Time of delegate’s decision?

Federal Court. Appellant had to satisfy the following time of application criterion under cl 890.211 of Sch 2 to the Migration Regulations 1994 (Cth): "The applicant has had, and continues to have, an ownership interest in 1 or more actively operating main businesses in Australia for at least 2 years immediately before the application is made". She also had to satisfy the following time of decision (TOD) criterion under cl 890.221: "The applicant continues to satisfy the criteria in clauses 890.211...". A delegate of the Minister refused to grant the visa and the Appellant applied to the Tribunal for merits review. Should the Tribunal determine the TOD by reference to the time of the delegate's decision? Or should it determine the TOD by reference to the time of its own decision?

Submission templates

High Court. Practitioner used written submissions deriving from a previous client as a template for submissions sent to the IAA concerning 2 other clients. As a ground of judicial review, must fraud affect a particular duty, function, or power of the IAA? If so, were they affected for either of those 2 other clients? Was the IAA's failure to exercise the power in s 473DC to get new information, namely new submissions, legally unreasonable?

Appeal: were hotels ‘immigration detention’?
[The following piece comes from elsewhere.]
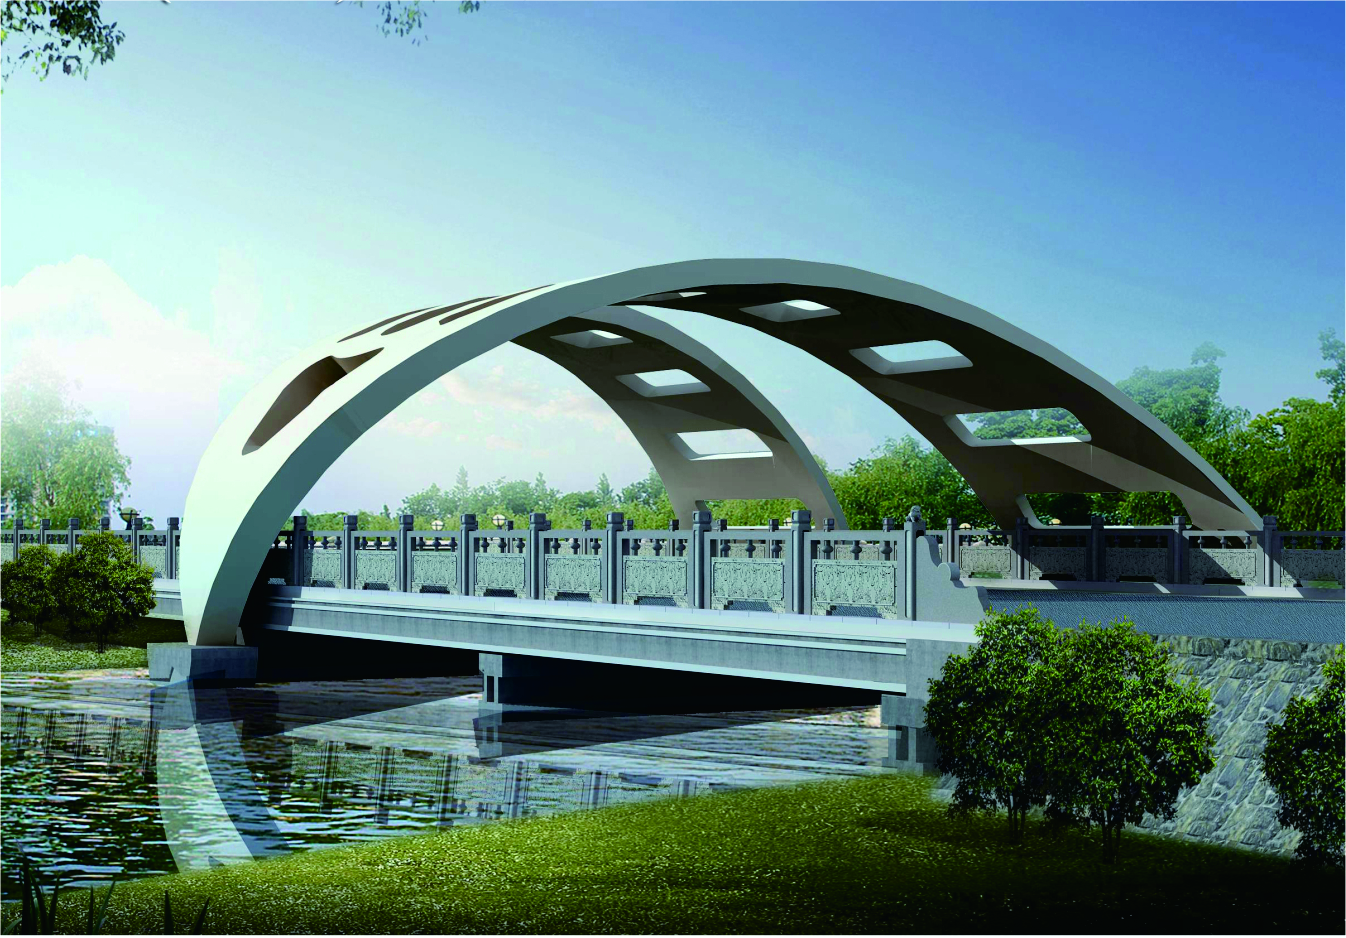 本桥下部采用梁桥形式,上部造型选用鹰嘴景观造型,突出地方特色文化.

Federal Court (Full Court). Did subpara (b)(v) of the definition of “immigration detention” in s 5(1) of the Migration Act 1958 (Cth) impliedly confer power on the Minister to approve in writing “another place” of immigration detention? If so, did that power exclude the power to create a de-facto detention centre, which is already provided for in subpara (b)(i) of that definition and s 273 of the Act? Is immigration detention lawful even if the expenditure involved in detaining the appellant was not lawfully authorised?

s 501CA(4): can decision-maker defer assessment of non-refoulement claims?

High Court. "Where the representations do include, or the circumstances do suggest, a claim of non‑refoulement under domestic law", is it open to the decision-maker to "defer assessment of whether the former visa holder is owed those non‑refoulement obligations on the basis that it is open to the former visa holder to apply for a protection visa"?

Effect of professional representation

Federal Court. In determining whether an unarticulated claim nevertheless clearly arose from the materials before an administrative decision-maker, is it relevant that the non-citizen was professionally represented before that decision-maker throughout the process?

s 23 of FCA Act: power or jurisdiction?

Federal Court (FCA). Is s 23 of the Federal Court of Australia Act 1976 (Cth) a conferral of power, not jurisdiction? Does the FCA have the power to grant an injunction in an appropriate case in aid of a statutory right?

Pitfall: last email address provided to the Minister

Federal Court: the applicant's last email address provided to the Minister for the purposes of receiving documents was the one provided by the AAT

Denial of PF in that s 501(3A) decision could have been made under s...

Federal Court (Full Court). Was the Appellant denied procedural fairness in that "the Minister or the Minister’s delegate decided to exercise the cancellation power in s 501(3A) rather than 501(2) [of the Migration Act 1958 (Cth)] when the latter requires the person affected to be given an opportunity to be heard before the power is exercised whereas the former does not"?

Not liable to s 189 detention if not an alien?

High Court. Can it be said that a non‑citizen who does not have a visa that is in effect is not liable to detention under s 189(1) of the Migration Act 1958 (Cth) if they are not an alien? Can it be said that, "what constitutes reasonable grounds for suspecting a person to be an unlawful non‑citizen must be judged against what was known or reasonably capable of being known at the relevant time"? In other words, can it be said that what constitutes reasonable grounds cannot be invalid ab initio?

MARA: “provision of unlawful migration assistance”

OMARA: "I am satisfied that the Agent knowingly entered into arrangements that facilitated the provision of unlawful migration assistance... I have taken into account that the applications submitted to the Department on behalf of these sponsors were handled through the Agent’s business and that she was the nominated migration agent. It follows that I am satisfied the Agent knew, else ought to have known, immigration assistance was provided unlawfully in relation to their respective matters".